Seventh Circuit finds Wisconsin did not violate plaintiff’s civil rights by denying permit to carry a concealed weapon after court martial conviction for a misdemeanor drug offense.
Kenneth Karwacki v. Josh Kaul, No. 25-2361, 4/2/26
In a brief opinion affirming the district court’s order dismissing the plaintiff’s claims that Wisconsin violated his constitutional rights by denying his application for a permit to carry a concealed firearm, the Seventh Circuit Court provides a primer on the Full Faith and Credit Clause of the Constitution and summarizes recent federal cases addressing Second Amendment challenges to laws prohibiting possessing firearms due to criminal convictions.
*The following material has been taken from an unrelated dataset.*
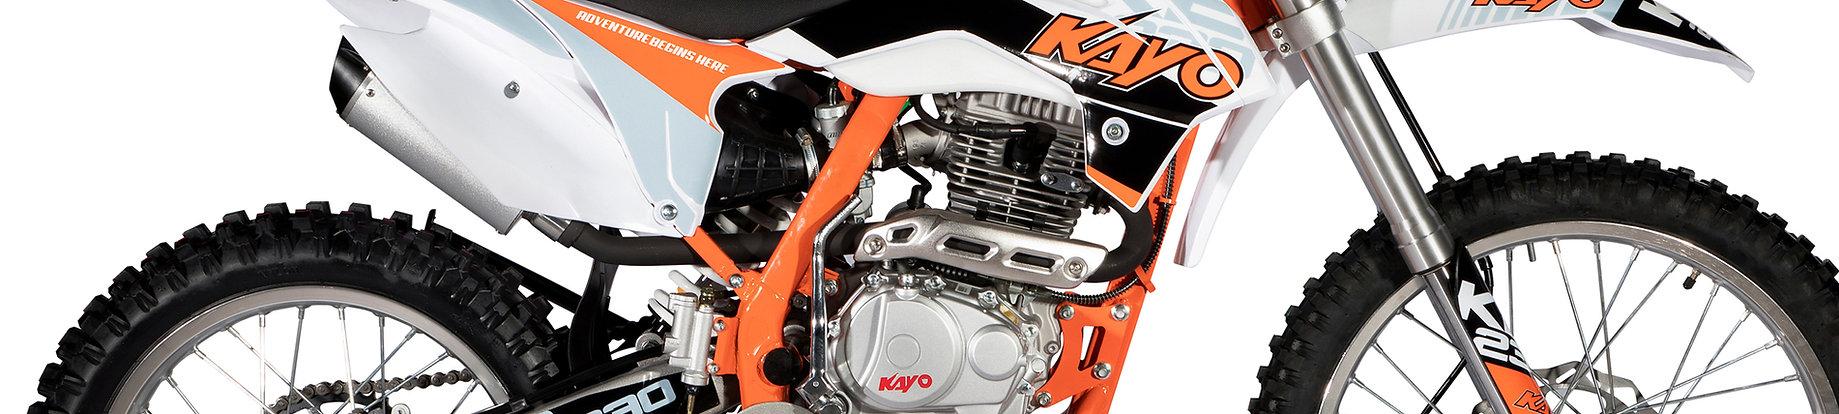 K2-close.jpg

Kenneth Karwacki was convicted by a special court martial of the misdemeanor offense of delivering peyote to other soldiers. His application for concealed carry permit in Wisconsin was denied because Wis. Stat. § 941.29(1m)(b) prohibits a person from possessing a firearm if the person was convicted “of a crime elsewhere that would be a felony if committed in this state”; delivering peyote is a felony in Wisconsin, Wis. Stat. § 961.41(1)(a). Karwacki claimed his federal civil rights were violated because Wisconsin violated the Full Faith and Credit Clause of the Constitution and his Second Amendment right to bear arms.
The United States Constitution, Art. IV § 1, provides that “Full Faith and Credit shall be given in each State to the public Acts, Records, and judicial Proceedings of every other State.” Karwacki argued that Wisconsin violated the clause by treating his military misdemeanor conviction as a state-law felony. The Court rejected this claim because a federal court martial is not a judicial proceeding of another state and the clause does not apply to federal judgments. (Slip op. at 2). Further, the court noted that the Full Faith and Credit Clause is designed to “ensure that judgments retain their primary effects,” but “does not prevent states from specifying domestic civil consequences of foreign judgments.” (Slip op. at p. 3).
As to Karwacki’s Second Amendment claims, the Court cited its decisions issued simultaneously in Prince and Watson rejecting claims that the federal statute prohibiting felons from possessing firearms (18 U.S.C. § 922(g)(1)) is facially unconstitutional. (Slip op. at 4). The Court also found Karwacki did not present a claim that Wis. Stat. § 941.29(1m)(b) is unconstitutional as applied to him because “the relation between drug distribution and firearm-related violence is too well established to call for elaboration.” (Slip op. at 4).
The Court noted that SCOTUS held in Rahimi that governments may “disarm individuals who present a credible threat to the physical safety of others.” The Court agreed with other circuits’ decisions rejecting as-applied challenges by those convicted of distributing drugs and, “as far as we can tell, none of the federal courts of appeals has accepted an as-applied challenge to § 922(g)(1) or a similar state law by a convicted distributor.” The Court considered it an “open question” whether any as-applied challenge to federal or state statutes attaching firearms restrictions to criminal convictions is “tenable . . . But if an as-applied challenge ever is possible, a person with a conviction for distributing unlawful drugs cannot be the beneficiary.” (Slip op. at 5).